Although not as historic as when all-black Texas Western defeated Kentucky in the finals of the 1966 NCAA tournament, this UConn milestone has a place in college basketball annals, especially relevant in the present era of strong efforts toward racial equality.

Most college programs have had a similar highlight in their basketball histories like the one about which this article is written. It is presented here not to claim that UConn is unique, but because the necessary information has been uncovered, and as a tribute to Rowe. It is also a testimonial to Harrison “Honey” Fitch, Connecticut’s first player and student of color in 1934, when it was the Connecticut State Agricultural College.

Fitch paved the way for the occasion we mark now when UConn first started five African-American players.

To narrow down the particular game it was in required extensive research since we could find nothing published that previously refers to when, where, and against whom. That was not surprising. The media was not attuned to social issues in the 1970s as it is today. Even the Texas Western-Kentucky game did not immediately inspire the significance it later acquired that included the production of a Hollywood movie (“Glory Road”).

Box scores told the story

By downloading the box scores through the resources of, and with the assistance of Greg Stamos, a Connecticut attorney, former Ansonia H.S. player, and still a rabid basketball fan, we first eliminated the games in which 6-7 Gary Custic, a Caucasian, was a three-year starter. He was in the opening lineups until he and Calvin Chapman lost their starting roles “at midseason” (Bill Newell, Hartford Courant, Feb. 26, 1974.) Therefore, the hitherto unidentified game had to be prior to that date.

One of the problems we expected in this search was determining if the freshman, Tony Hanson, fit into the puzzle. We thought, as many UConn followers still do, that Hanson, who died unexpectedly in 2018, was an African-American and born in Waterbury CT.

UConn great Tony Hanson

Neither was the case. He told Don Harrison, author of “Hoops in Connecticut,” that he was born in Kingston, Jamaica, the same birthplace of Patrick Ewing. His mother was Chinese and his father was Jamaican. “I’m a mixture, predominantly Chinese. Most of my people are oriental,” were his words. Hanson and his mother moved to Waterbury when he was four.

There was another revealing reference in the Hartford Courant (March 2, 1974), in which Rowe was quoted as saying that earlier that season, when Custick was in the opening lineup, the first five were called “soul patrol plus one.” The obvious implication was that four Blacks and one Caucasian were the closest at the time for UConn to start a unit of only African-American players, as long as Custic was starting.

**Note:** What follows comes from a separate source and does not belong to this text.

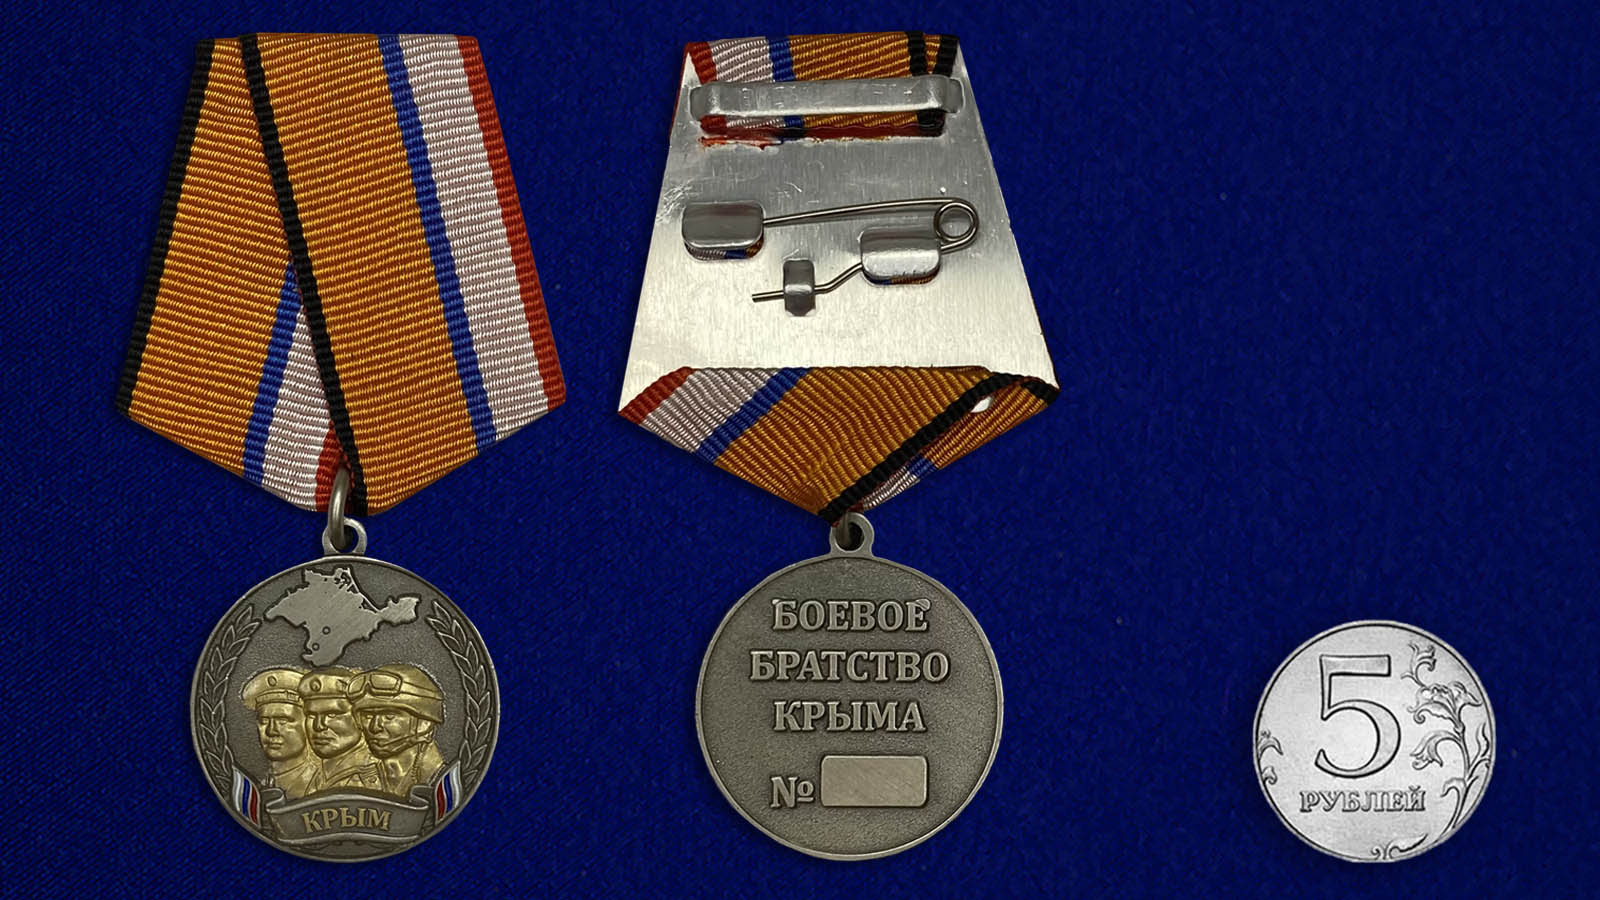 """Памятная медаль """"Боевое братство Крыма"""" - сравнительный вид"""

Two of the 1974 UConn team are deceased

Regretfully, we must point out that Tony Hanson and Gary Custic are no longer alive. It is generally known that Hanson, who played in Europe, coached in England and was a mentor to handicapped kids in Connecticut, died in 2018 of a heart attack at 63.

What had not been known, even in Storrs, was the tragic fate of Custic, the team’s MVP in 1972.

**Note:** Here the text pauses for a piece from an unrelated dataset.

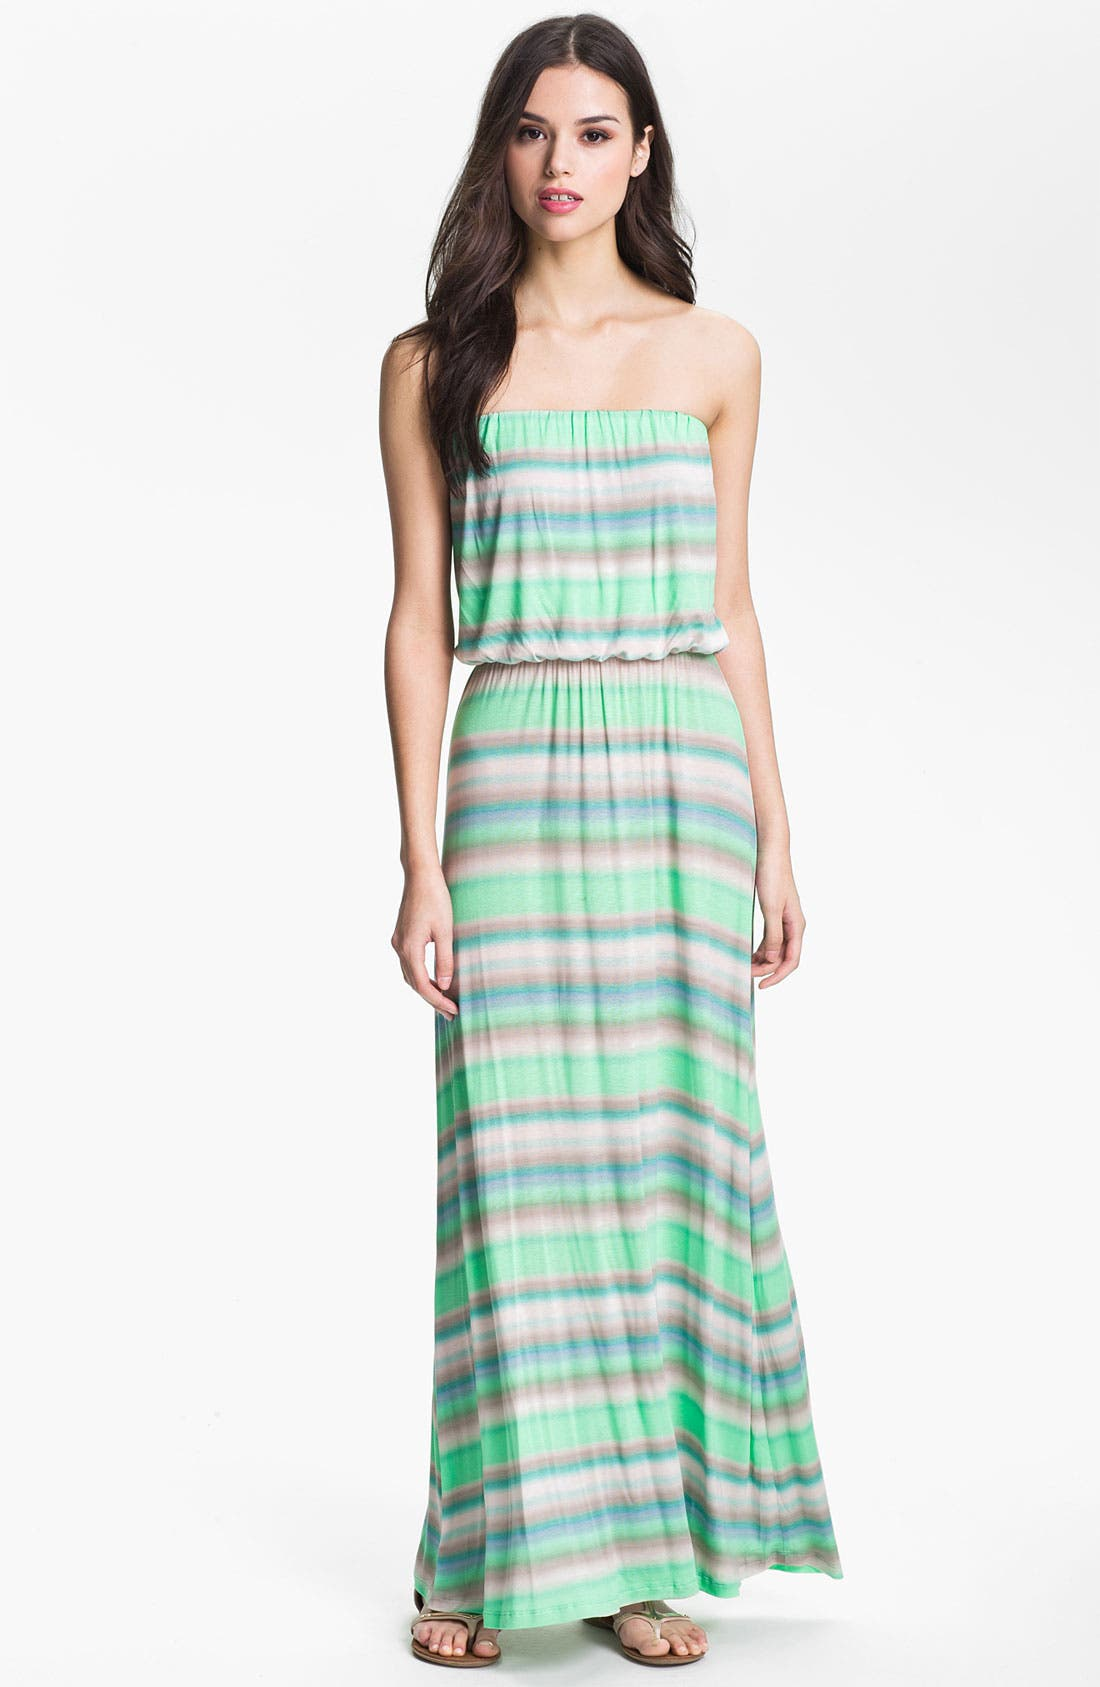 Alternate Image 1 Selected - Velvet by Graham & Spencer Stripe Blouson Knit Tube Dress

For several weeks I have tried to trace his path since graduation in 1974. The athletic department and the alumni office had no knowledge. The four players I have spoken with were also without any information and had been trying to locate him for the past several years to invite him to their reunions.

I finally learned that over 30 years ago Custic experienced a terrible ending to his life. He was only 38 when he died on Aug. 30, 1990.

Game at Rutgers was what we were looking for

The game that Atty. Stamos and I ultimately hit upon with reasonable certainty as the first in which UConn started an all-Black quintet was played on Feb. 19, 1974. It was a road game at Rutgers in the College Avenue Gymnasium, New Brunswick, NJ. The unit consisted of Al Weston, John Thomas, Cal Chapman, captain Jimmy Foster, and Earl Wilson.

Those five had played the previous season with Alfonso “Al” Vaughn, Jr., who was captain of the 1973 team, and who graduated that year. Vaughn died in 2019 after a long illness.

The starters who made history

Al Weston

Al Weston All-State at Cromwell CT High School in 1972 and ultimately a successful coach there. He became a financial officer for the IRS. Weston is now retired and prepares income tax returns for friends.

Cal Chapman Jr.

Cal Chapman Jr. from West Haven CT where he still presumably lives. He first starred at Hopkins, a private school in New Haven. before entering UConn in 1969. Cal could not be reached by this writer or his former teammates. We have written to him at his last known address in West Haven but received no response. He is not on Facebook. Any help in contacting him would be appreciated ( so we can update this article.

Jim Foster

Jimmy Foster from Hoboken, NJ, was a football and basketball star in high school but gave up the gridiron after he broke a collarbone. Jimmy was the captain of the 1973-74 team and attended UConn after transferring from Becker Junior College. Coach Dee Rowe recruited him after a game against the UConn freshman team, led by Earl Wilson. Foster played in the American Basketball Association from 1974 to 1976 with the Spirits of St. Louis and Denver Nuggets. Following a contract dispute, he played briefly in Europe. After his pro career, he returned to UConn and earned a degree in business administration. Jimmy, who will turn 70 this December, is still an active insurance agent in Edgewater, NJ.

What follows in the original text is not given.